Lawyers practicing in federal court have been dealing with e-discovery issues for a number of years pursuant to changes in the Federal Rules of Civil Procedure. But recently, in Einstein v. 357 LLC, a New York State Supreme Court justice decided those rules also applied in state court litigation.
Plaintiffs filed suit against the defendants, including the Corcoran Group, a prominent real estate broker, in connection with the sale of allegedly defective condominium units. Plaintiffs allege they were fraudulently induced to purchase the condos, in part, by a series of e-mail communications made by the Corcoran defendants, and they served discovery demands for the production of the e-mails. Plaintiffs later moved to strike Corcoran’s pleading when defendants failed to make a complete production, including specific e-mails plaintiffs already had in their possession. Citing the obvious existence of those e-mails, the Court ordered defendants to produce their hard drives for inspection and file recovery.
Defendants produced the relevant hard drives but the missing e-mails could not be retrieved. The Court conducted a hearing with Corcoran’s IT rep, who admitted he had not been consulted about e-mail production until long after the litigation commenced and that Corcoran made no effort to preserve any e-mails after litigation had begun. The Court also found that statements made by Corcoran’s attorney regarding Corcoran’s deletion policy was not properly represented.

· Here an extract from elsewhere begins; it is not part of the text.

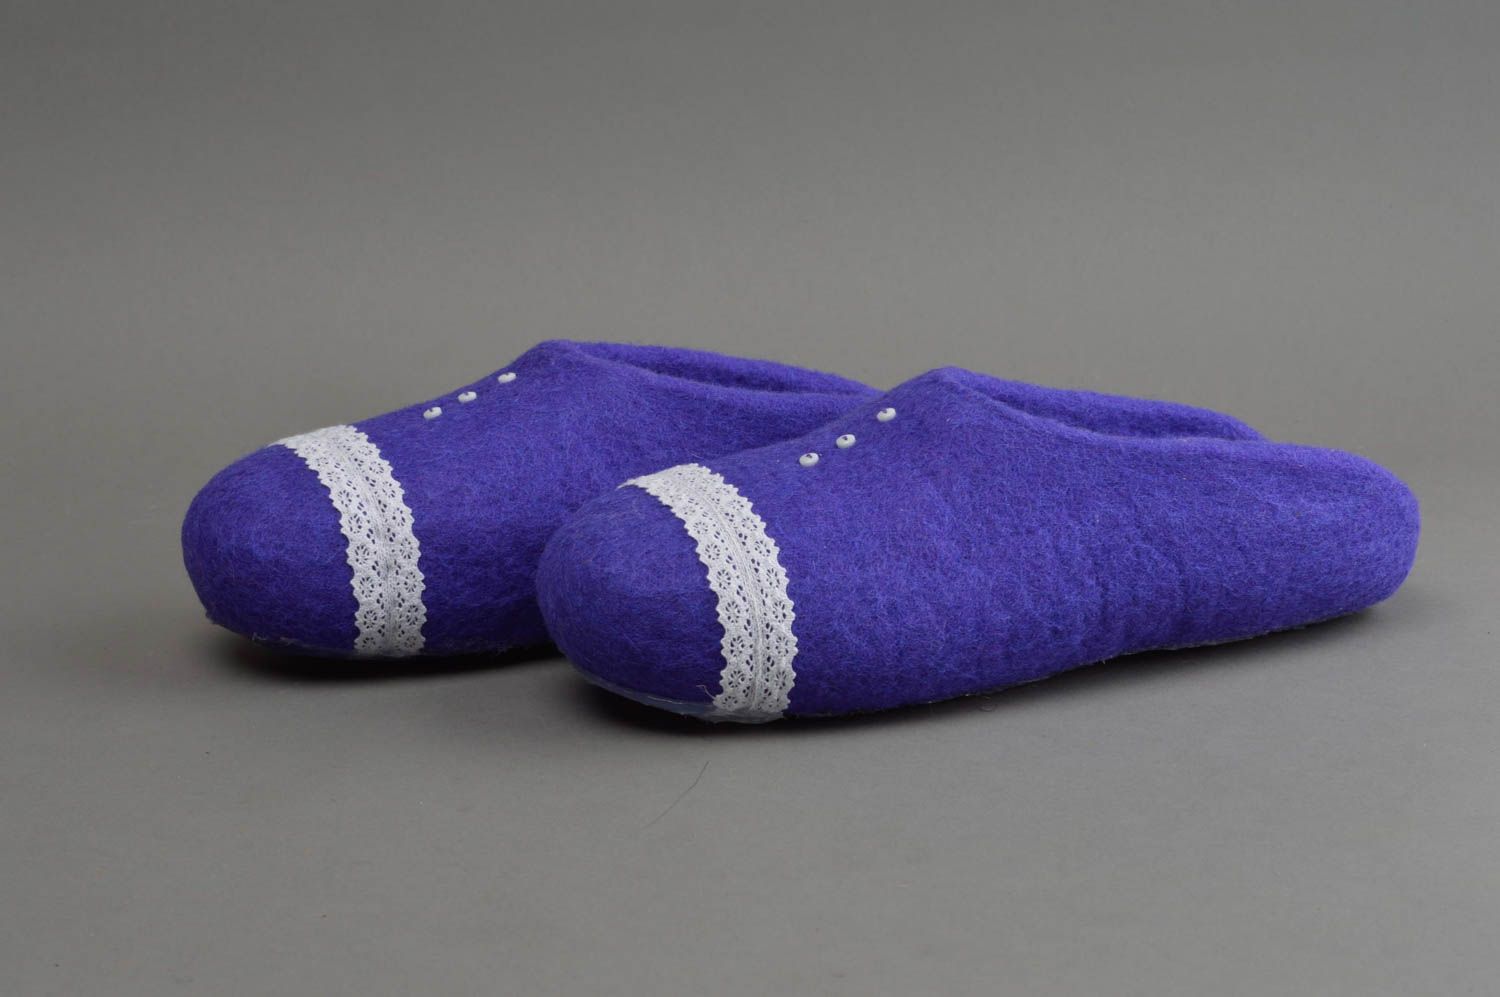 Pantoufles faites main bleues avec dentelles en laine naturelle pour femme photo 2

The Court recognized that New York law was silent on the issue, and turned to the Federal Rules and resultant case law for guidance. The Court held that the failure to implement a litigation hold and to monitor the production of that discovery was a grossly negligent destruction of evidence, warranting sanctions for spoliation. The Court held plaintiffs were entitled to an adverse inference against Corcoran that the destroyed e-mails would have been unfavorable to the defendants — essentially establishing the necessary elements of plaintiffs’ claims. The Court also awarded plaintiffs attorney’s fees for the e-mail review.
It will be very interesting to see how this issue is dealt with on an appellate level. Although this was an extreme case that resulted in an extreme ruling, corporations should be careful to make sure certain protocols are in place to avoid deleting e-mails when involved in litigation.